Action to recover damages for personal injuries sus- tained as a result of the alleged negligence of the named defendant et al., and for other relief, brought to the Superior Court in the judicial district of Hartford, where the court, Hon. A. Susan Peck, judge trial referee, granted the plaintiff’s motion to cite in AlliedBarton Security Services, LLC, as a defendant and granted the town of East Granby’s motion to intervene as a plaintiff; thereafter, the plaintiff withdrew the action as to the defendant Professional Security Consultants, Inc.; sub- sequently, the named defendant et al. filed a notice of apportionment as to Reshawn Champion and Hoffman of Simsbury, Inc.; thereafter, the matter was tried to the jury before Graham, J.; verdict for the named defen- dant et al.; subsequently, the court, Graham, J., denied the plaintiff’s motions to set aside the verdict, for a new trial, and for judgment notwithstanding the verdict and rendered judgment in accordance with the verdict, from which the plaintiff appealed to this court.
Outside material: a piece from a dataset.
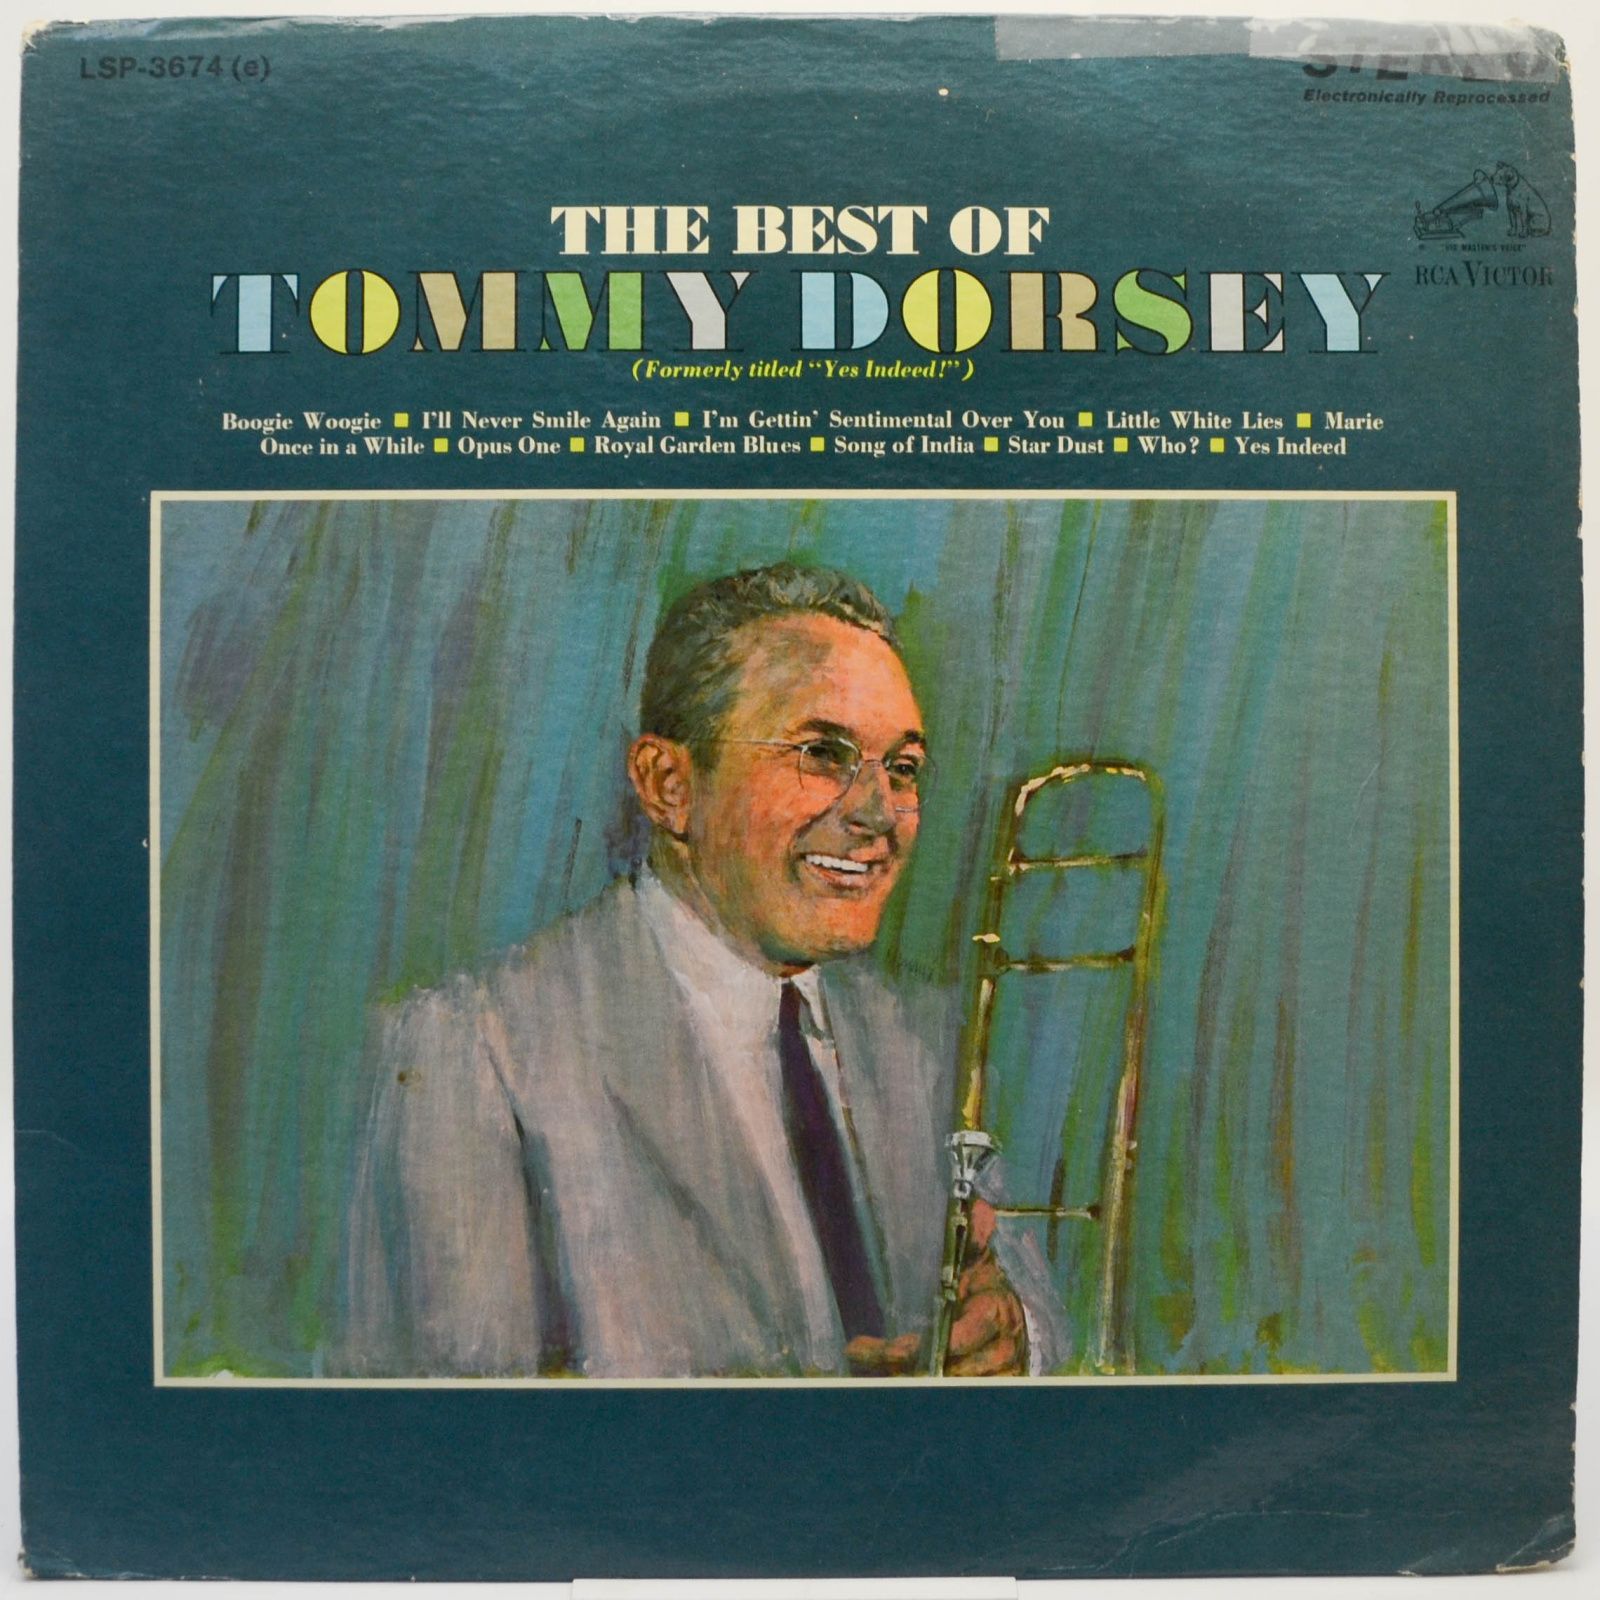 The Best Of Tommy Dorsey, 1967

Affirmed. Mario Cerame, with whom was Timothy Brignole, for the appellant (plaintiff). Eric W. F. Niederer, with whom was Tyler W. Hum- phrey, for the appellees (named defendant et al.). Opinion

MOLL, J. The plaintiff, Charles Allen, appeals from the judgment of the trial court rendered in accordance with the jury verdict in favor of the defendants Shoppes at Buckland Hills, LLC (Buckland Hills), and AlliedBar- ton Security Services, LLC (AlliedBarton), the company that provided security services for Buckland Hills.1 The plaintiff claimed that he had suffered serious physical injuries when he attempted to stop what he believed was a serious crime at Buckland Hills, a shopping mall, while off duty from his position as a police officer with the town of East Granby. The plaintiff claims on appeal that the court improperly (1) instructed the jury on superseding cause, (2) instructed the jury that General Statutes § 54-1f imposes a restriction, rather than an affirmative duty, on off duty police officers, and (3) failed to instruct the jury on duties owed by a possessor of land to invitees. We affirm the judgment of the trial court. The jury reasonably could have found the following facts, which are largely undisputed in this case. On May 21, 2014, the plaintiff, an off duty police officer with the town of East Granby, purchased some books at the Barnes and Noble bookstore located at Buckland Hills. He exited the mall in order to put the books in his truck, intending to go back into the mall to make another purchase. After putting the bag in his truck, the plaintiff heard what he believed were police radios. He heard a radio broadcast stating that ‘‘we have a black male running into the mall, and we have a black female in the parking lot. We lost her.’’ The plaintiff then observed a woman run out from between cars and away from individuals who were chasing her. The woman, who was carrying a couple of big bags, ran diagonally in front of the plaintiff. The plaintiff ran toward the woman and said, ‘‘Police, stop.’’ The woman looked over her shoulder and continued to run; the plaintiff ran behind her. When the woman arrived at a waiting vehicle, she threw the bags into the car and pivoted into the passen- ger seat. The plaintiff leaned in toward the car, attempting to put his hand on the woman’s shoulder. The driver of the vehicle, later identified as Reshawn Champion, looked over his shoulder at the plaintiff, and then put the car in reverse. The plaintiff was struck in the face and leg by the open passenger door and suf- fered personal injuries. On January 29, 2016, the plaintiff commenced the present action. See footnote 1 of this opinion.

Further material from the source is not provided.